Effects of additional compound and protein information on the performance of Macau.
Elisa Hernández Muñoz1,2, Antonio de la Vega de León1
1Information School, University of Sheffield, S1 4DP Sheffield, UK
2Facultad de Ciencias, Universidad Autónoma de Madrid, Ciudad Universitaria de Cantoblanco, 28049, Madrid, Spain
Macau is a novel machine learning algorithm that uses Bayesian probabilistic matrix factorization in order to predict compounds’ activities in different assays at the same time (it is a multitask method). Matrix factorization transforms the original matrix into two factorized matrices, where rows and columns are related through a latent space. The factorized matrices are optimized to reduce the error on the known values of the original matrix, and can be used to predict missing values on the original matrix. Thanks to this technique, Macau avoids overfitting and gives an estimation of the uncertainty of the predictions, which can be useful when studying the quality of the results. The only data required to obtain the predictions is the activity data set, but Macau is able to incorporate side information of the involved molecules and of the different assays to establish relations among them, in order to achieve a more advantageous matrix factorization. One of its most important capabilities is that it works with large-scale matrices that can reach millions of rows or columns, predicting activities of different assays or proteins at the same time (Simm et al., 2015, arXiv 1509.04610).
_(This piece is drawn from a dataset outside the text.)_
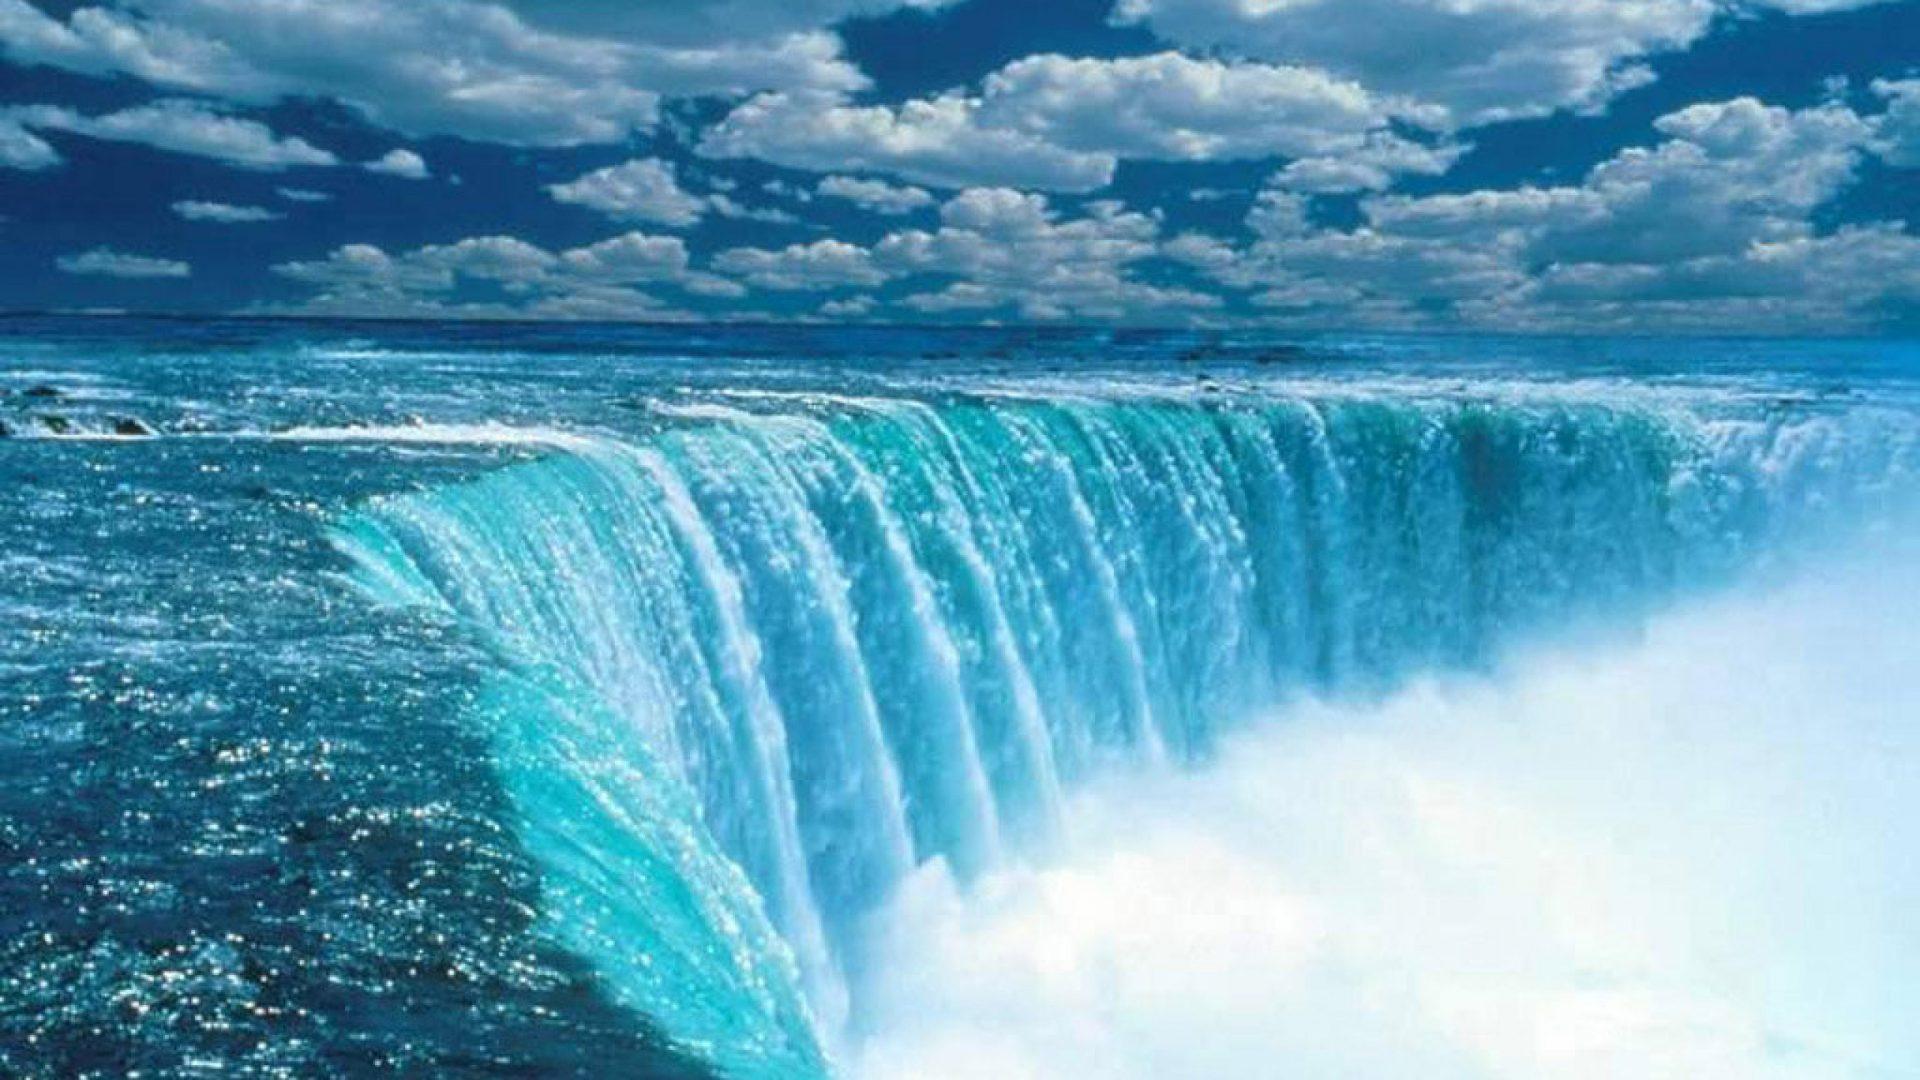 Niagara Falls Full Hd Wallpaper Niagara Falls Photo 2560x1440 Full Hd Wall
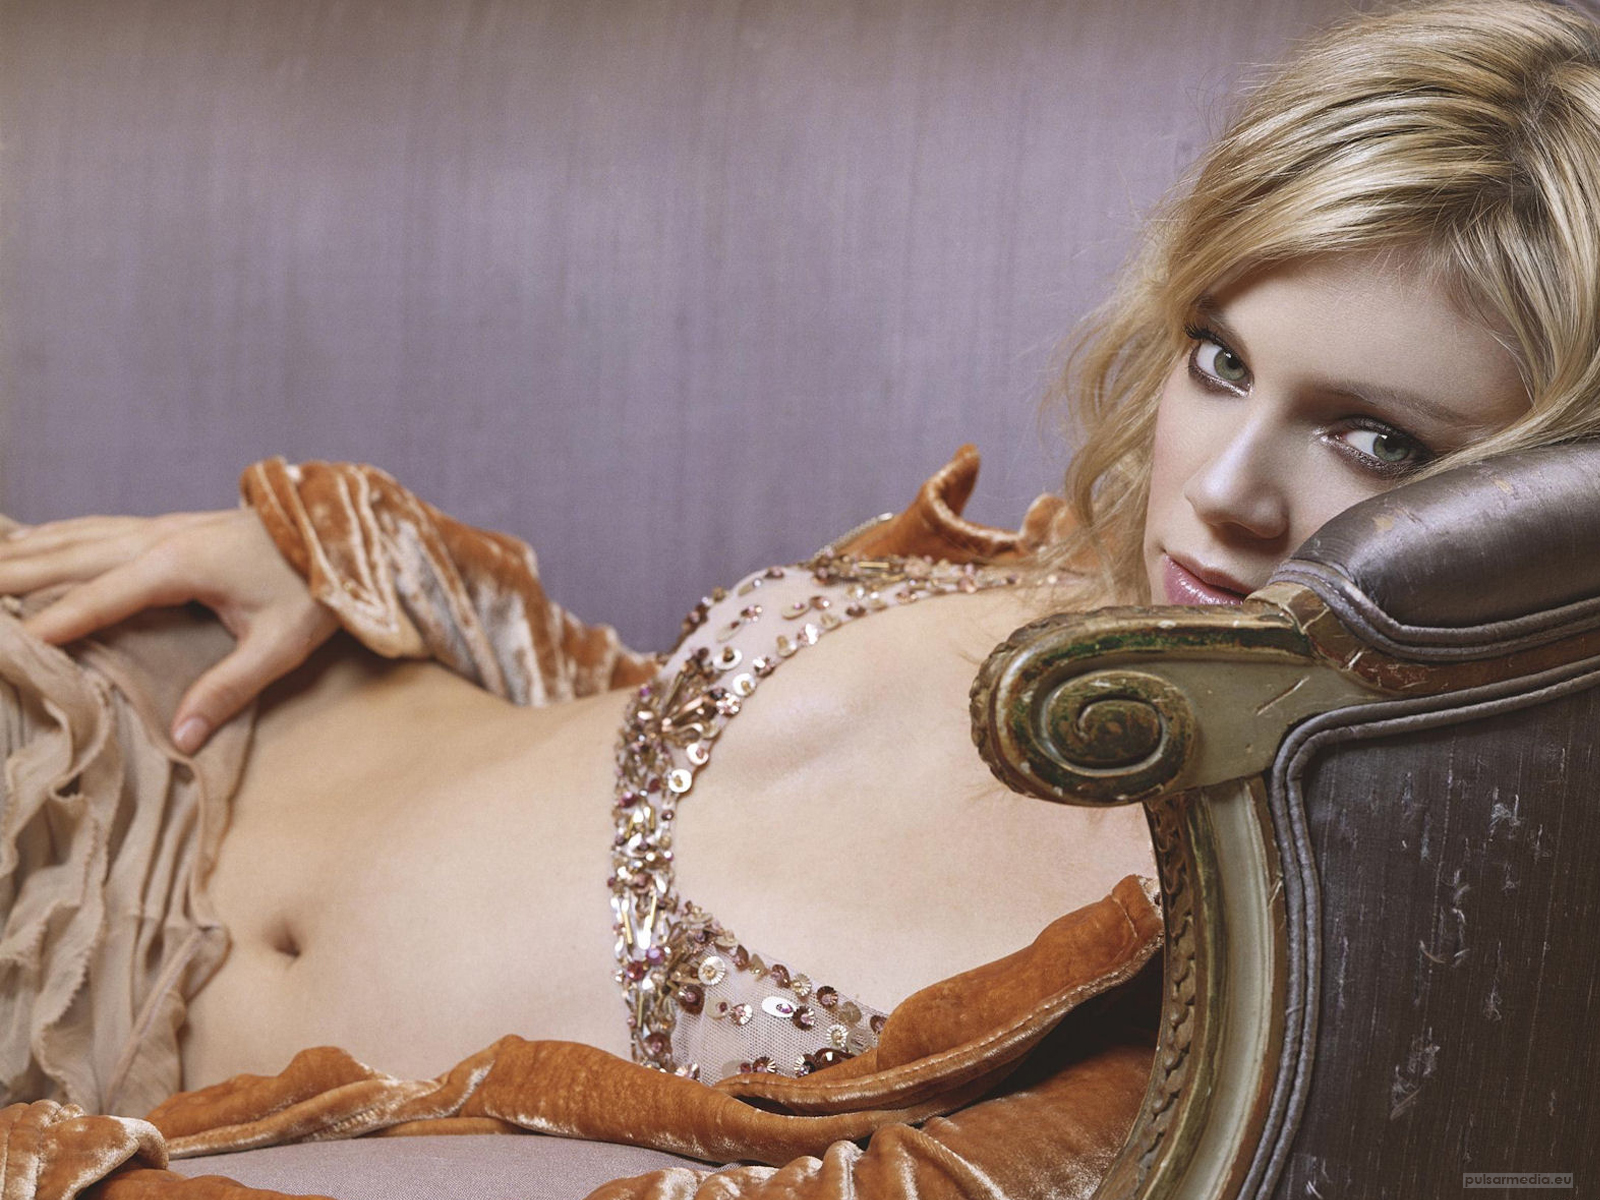 http://4.bp.blogspot.com/-VgqvqOBgYA8/T1ynalnKzvI/AAAAAAAAAao/UF3Y4eYACE8/s1600/Amy+Smart-Wallpapers-4.jpg

Due to the lack of previous studies about Macau’s behaviour with side information, we decided to analyse to what extent it changes its performance, in relation to the results obtained only with the activity data. The data set that was used was the Published Kinase Inhibitor Set (PKIS). The PKIS data set contains the activities that 376 compounds show in 454 different assays with different kinases or in different concentrations. First, Macau was tested without any kind of side information, using just the activity matrix information. Then, information was added, whether about the compounds, which consisted in different kinds of chemical fingerprints, or about the proteins of the assay, which consisted in different numerical vectors related to the proteins’ sequences and amino acid content. Finally, compound and protein side information was tested together. The fingerprints that were tested include the Morgan fingerprints, the atom pair fingerprints, the MACCS fingerprints and the torsional fingerprints. We also studied the influence of a different radius of the fingerprint in the results.
The results confirmed that Macau’s predictions are more precise when side information is added. Nevertheless, the magnitude of the improvement depended on the kind of fingerprint or protein descriptor used and was related to the quantity of information that they held. The best performance was obtained when using Morgan fingerprints (equivalent to the extended connectivity fingerprints, or ECFP) of the largest radius combined with the protein descriptors that included the most information about the sequences. On the other hand, we observed that improving Macau’s results, entails a increase in the time needed to perform. The increase of the time needed for the combination of side information with the greatest magnitude of improvement was remarkably bigger than the increase of time observed for similar combinations with slightly worse results. In conclusion, we achieved a better characterization of this novel technique, which could benefit future studies of Macau since, nowadays, only a few studies about it have been published and it is a promising multitask machine learning technique.